THE TASK -
Retype the following data exactly, but leave its pictures out.

[Opening RECORDED DATA section]

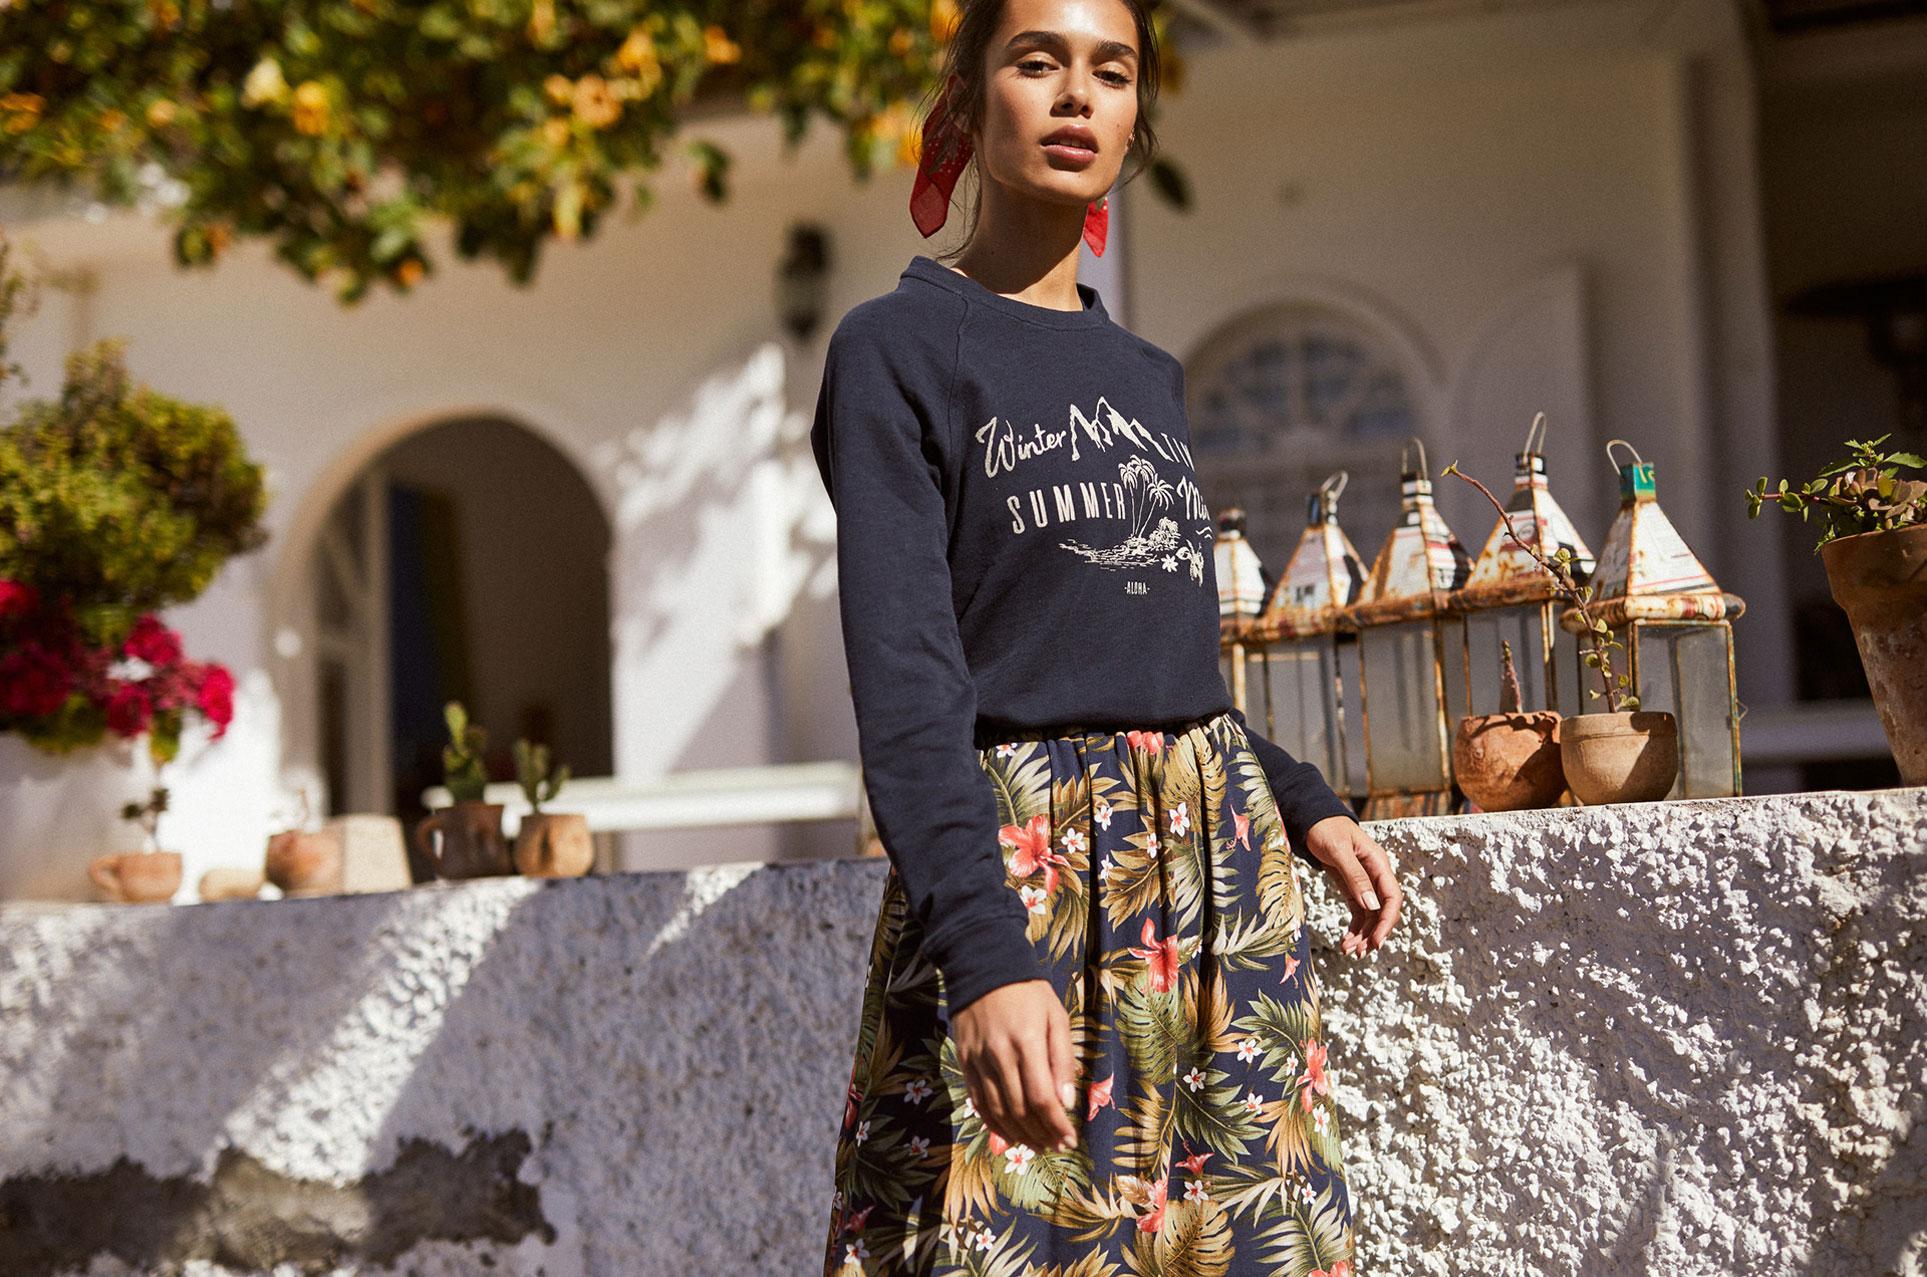 Наринэ Матецкая в модной одежде BananaMoon, коллекция осень/зима 2019/20 / фото 01
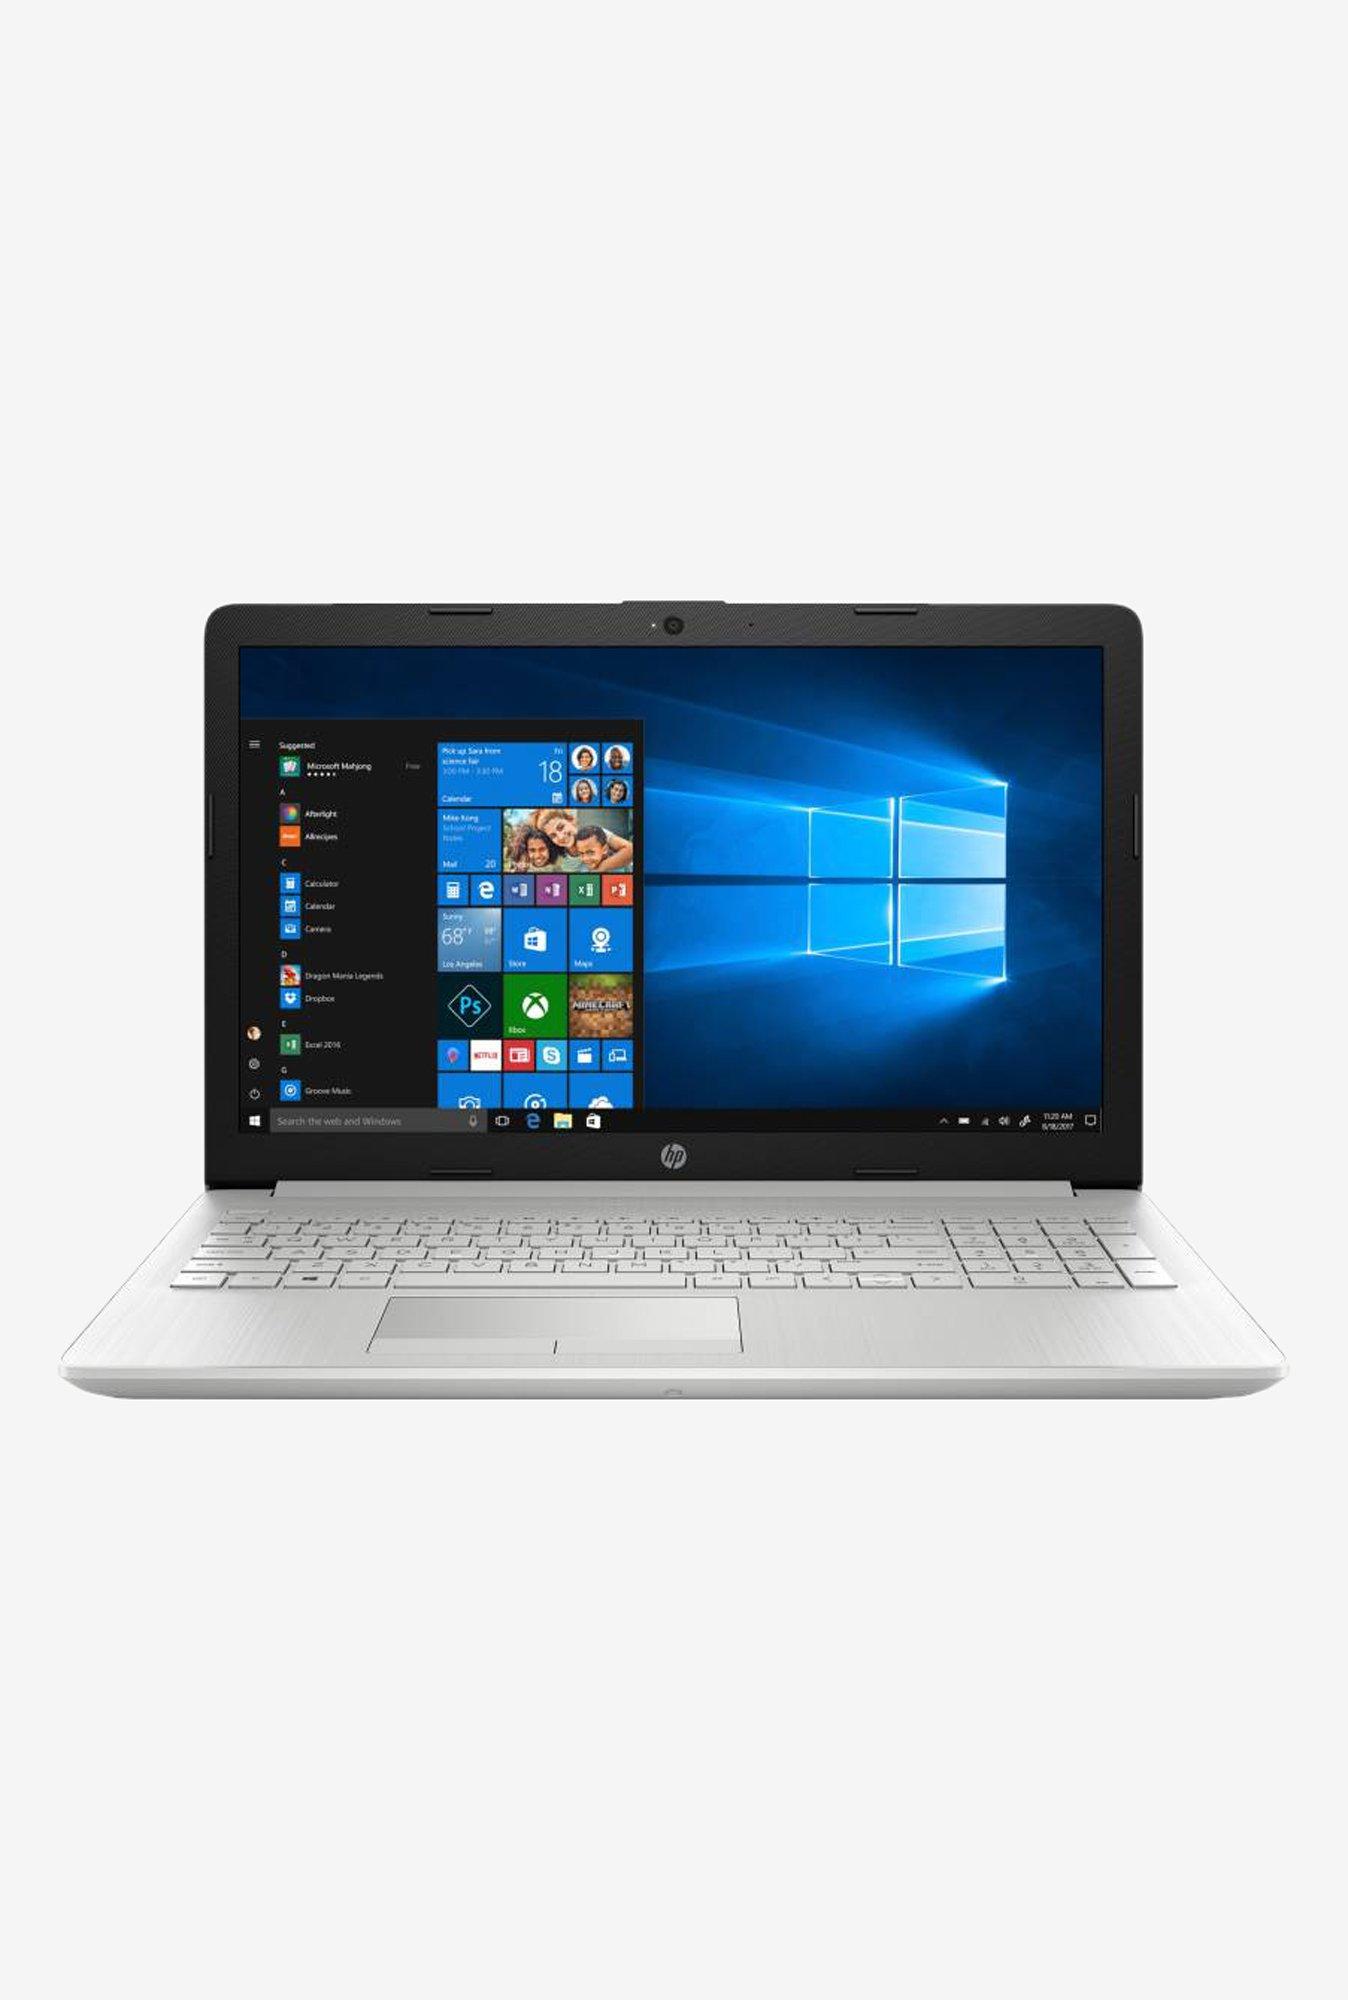 HP Notebook DA0327TU (i3 7th Gen/4GB/1TB/15.6 inch/Windows 10 + MS Office/INT/1.77 kg) Silver
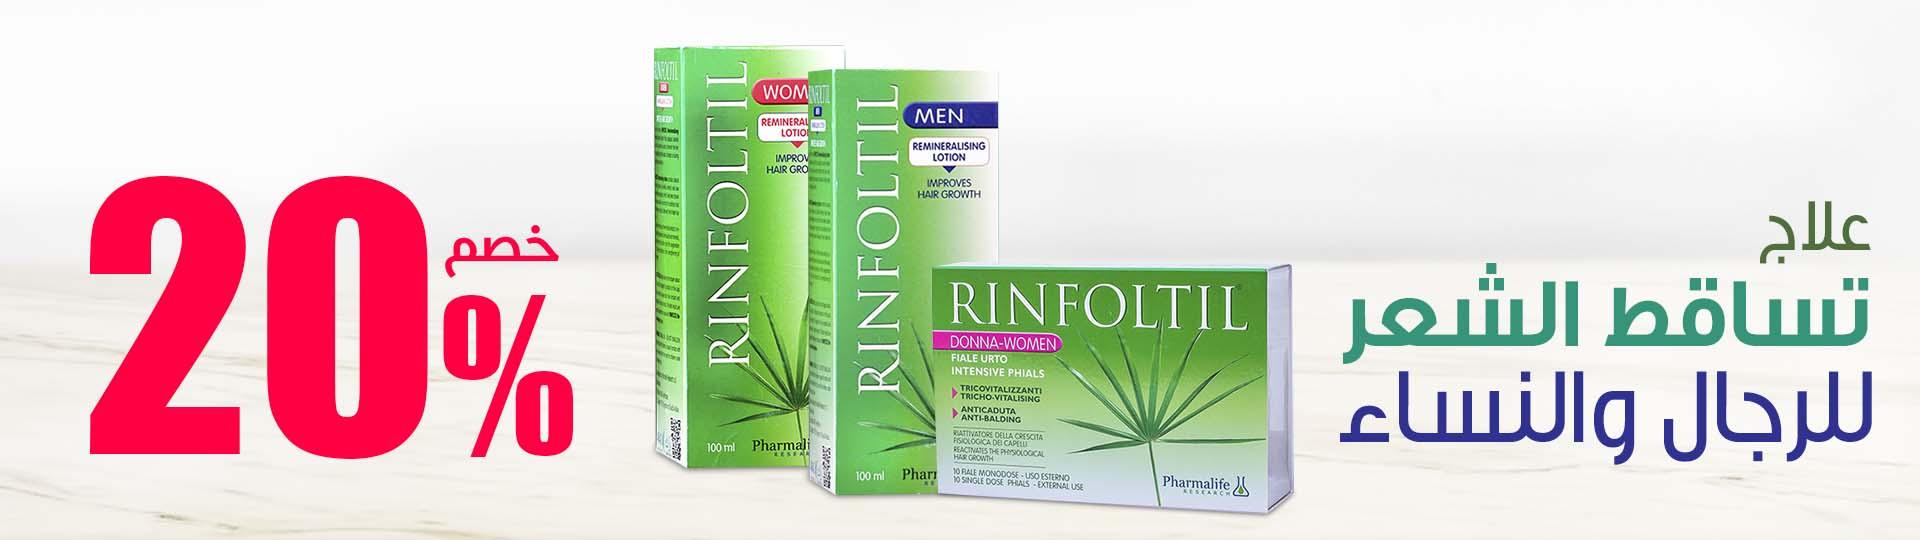 علاج تساقط الشعر امبولات وشامبو رينفوتيل

[Closing RECORDED DATA section]

OUTPUT OF THE TASK -
 Наринэ Матецкая в модной одежде BananaMoon, коллекция осень/зима 2019/20 / фото 01
 HP Notebook DA0327TU (i3 7th Gen/4GB/1TB/15.6 inch/Windows 10 + MS Office/INT/1.77 kg) Silver
 علاج تساقط الشعر امبولات وشامبو رينفوتيل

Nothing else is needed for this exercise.